As for the observed alternative mRNA TSS formation within intermediately spaced divergent mRNA-mRNA TSS constellations (Fig. 3b and 3c), we hypothesized that longer lengths and limited exosome-sensitivities of NAT-, nNAT-PROMPTs and NAT host mRNA-PROMPTs might reflect their ability to provide alternative mRNA TSSs. Indeed, NAT-, nNAT- and NAT host mRNA-PROMPT TSSs coincided with annotated GENCODE TSSs in 59%, 40% and 61% of cases, respectively (Fig. 6d), and based on TIF-seq-RRP40+ZCCHC8 analysis, their 3′ends overlapped with mRNA 3′ends in 70.4%, 61.9% and 63% of cases, respectively (Fig. 6e). As expected, PROMPTs derived from constellations with more proximally positioned NAT/nNAT TSSs displayed higher overlap with annotated TSSs and 3′ends than PROMPTs derived from distally positioned NAT/nNAT TSSs. (Fig. 6d and 6e).

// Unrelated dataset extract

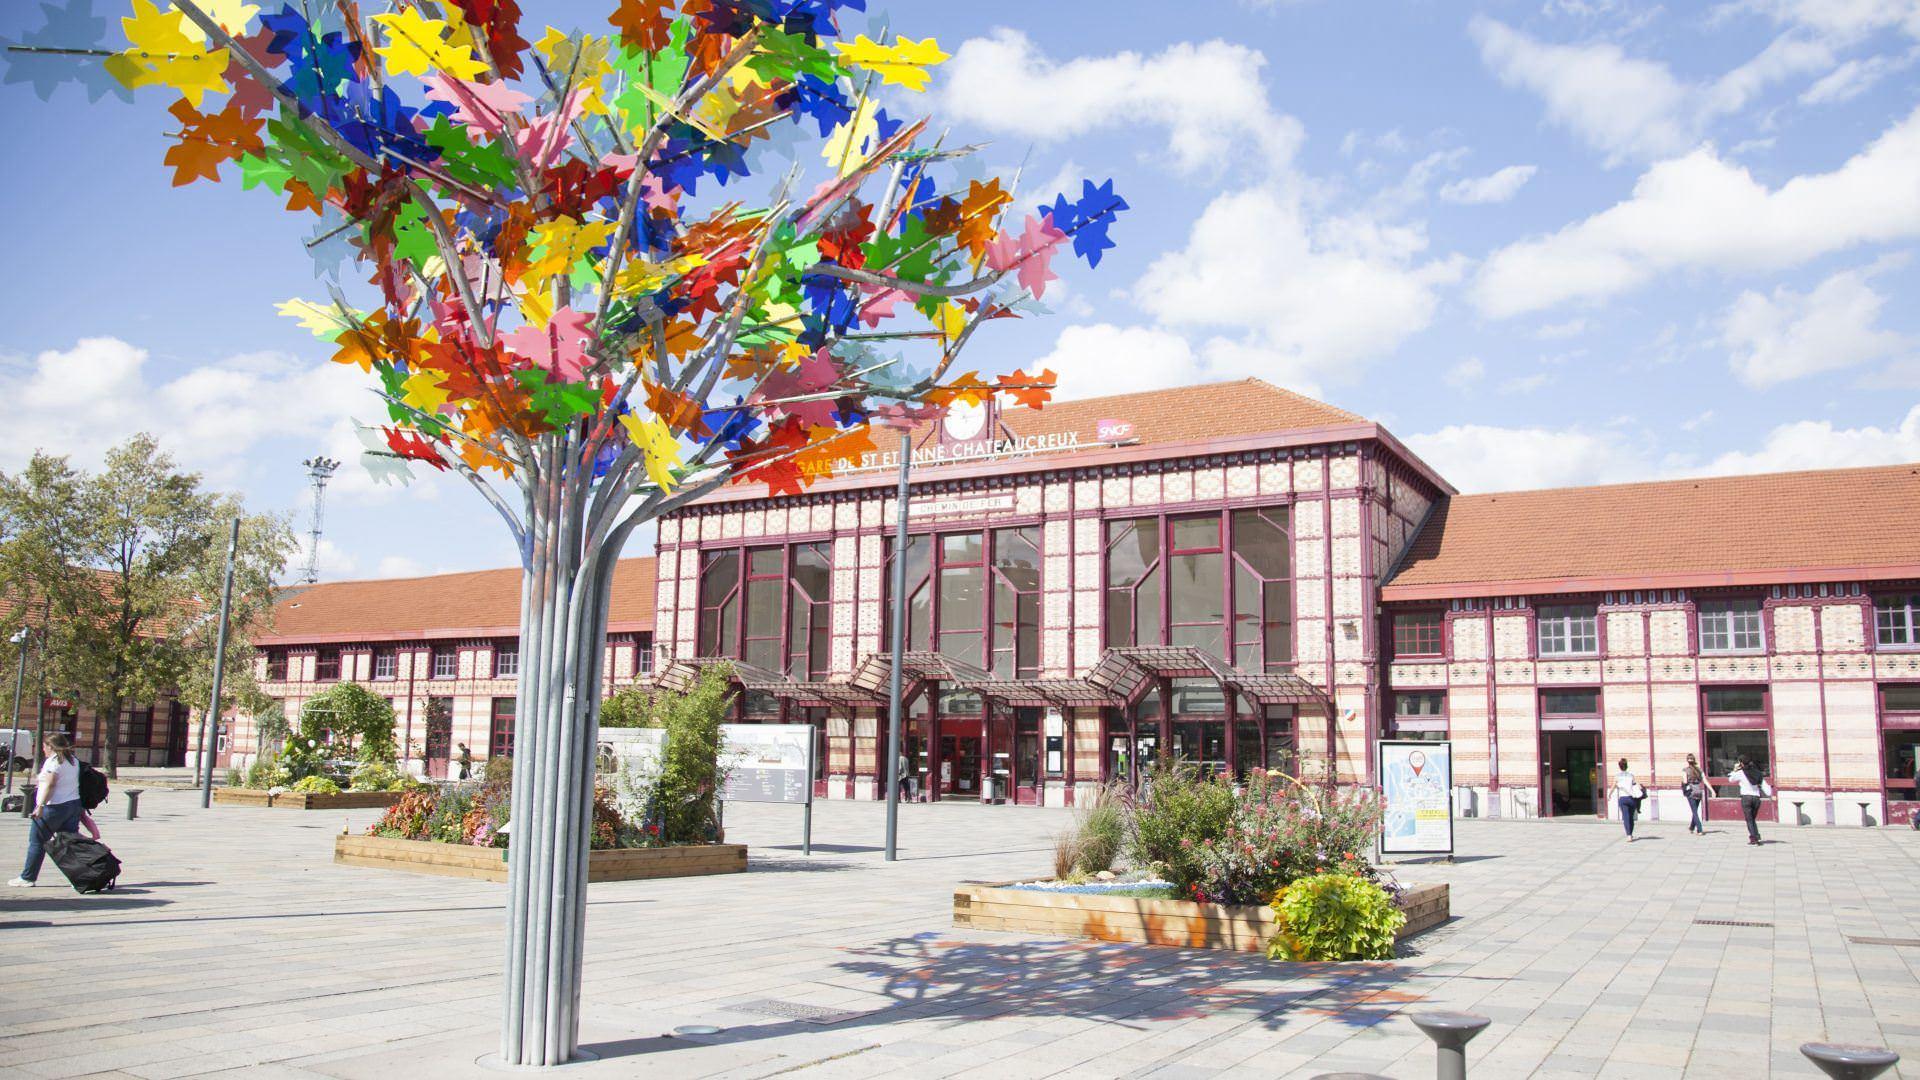 2 SECTION VENIR - Chateaucreux_Saint-Etienne_tourisme&congres_Magali Stora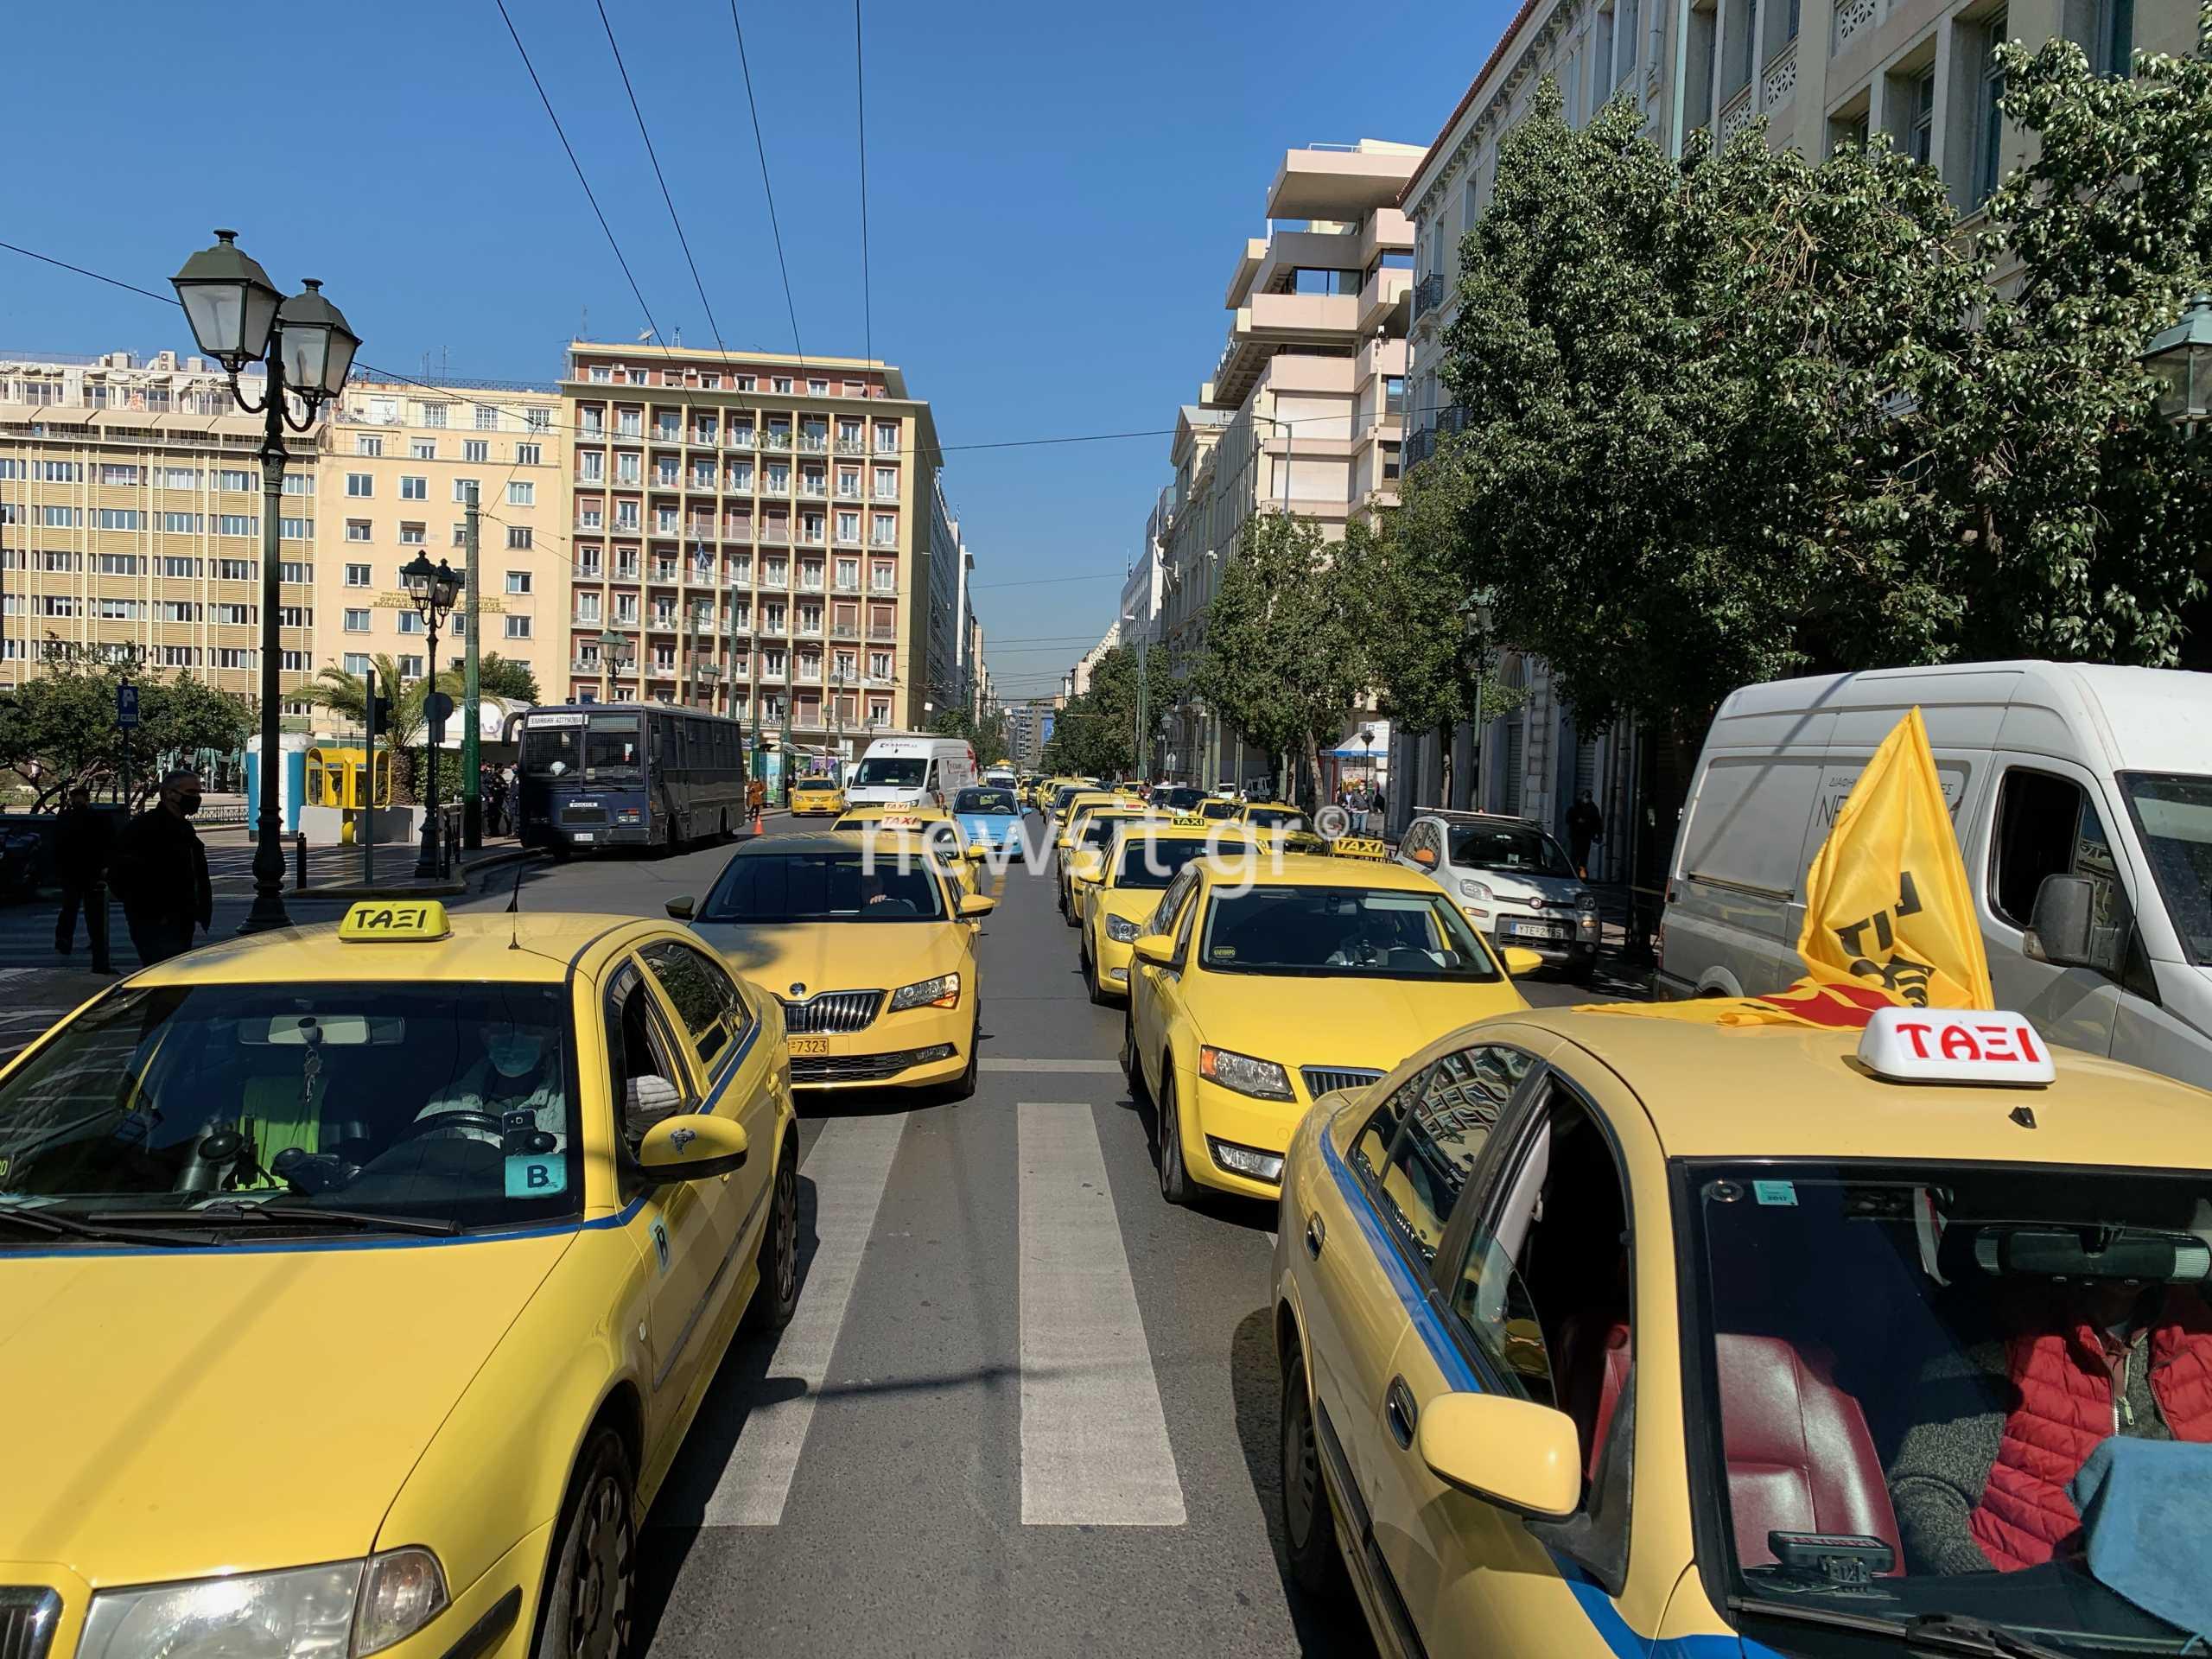 Πορεία ταξί στο κέντρο της Αθήνας (pics)

The observed stabilities and lengths of PROMPTs were paralleled by their expected TSS-proximal DNA sequence contexts: decreased pA site/5′SS ratios compared to corresponding regions downstream of conventional PROMPT TSSs (Supplementary Fig. 5c). This presumably reflects ‘carry-over’ of sequence constraints from the proximal mRNA TSSs largely producing exosome-insensitive RNA, much like in mRNA-mRNA constellations with intermediately spaced divergent TSSs (Fig. 3e-f). Consistent with this, the pA site/5′SS ratio was reduced downstream of nNAT PROMPT TSSs when these were closer to the nNAT host mRNA-TSS (Supplementary Fig. 5d, red curve). This suggests that decreased pA site- and increased 5′SS-content immediately downstream of mRNA TSSs is a local sequence feature. Indeed, plotting the average number of predicted pA sites and 5′SSs in unambiguously defined mRNA-TSS-downstream regions (N=1,698, see Methods) revealed that only the first ~500bp are highly depleted of pA sites and enriched for 5′SSs, as compared to non-genic background (Fig. 6f). This pattern was observed previously7,8, but not contrasted to genomic background. Thus, additional promoters within an mRNA body can produce transcripts with differential exosome sensitivity and lengths as long as they are distant enough not to interfere with each other. Therefore, we conclude that the principles governing PROMPT elongation and stability at divergent mRNA promoters also apply for PROMPTs within convergent TSS constellations.
Discussion
Pervasive transcription of eukaryotic genomes manifests a complex pattern of overlapping transcription events, which complicates the annotation of individual transcripts and their relationships1,26,36. When promoters are adjacently positioned, this issue becomes particularly challenging due to their inherent capability to produce both forward- and reverse-oriented RNAs. Here, we find that the distance between a PROMPT TSS and the mRNA TSS of the neighboring promoter on the same strand strongly correlates with PROMPT fate, regardless if promoters are positioned within divergent mRNA-mRNA (Fig. 7a) or convergent mRNA-NAT/nNAT (Fig. 7b) constellations. At larger distances, PROMPT transcription produces short exosome-sensitive RNAs, the 3′ends of which are supposedly defined by PROMPT TSS-proximal pA sites, just like their conventional PROMPT counterparts7,13. However, when positioned in proximity, PROMPTs tend to ‘bleed’ into the neighboring mRNA and co-opt its much more distal pA site for 3′end processing. This, in turn, offers additional upstream (Fig. 7a, mid panel) or downstream (Fig. 7b, top and mid panels) mRNA TSSs. Such atypical PROMPTs are therefore equally well described as alternative mRNA isoforms.
Figure 7. Models for PROMPT- and alternative TSS-generation within bidirectional constellations.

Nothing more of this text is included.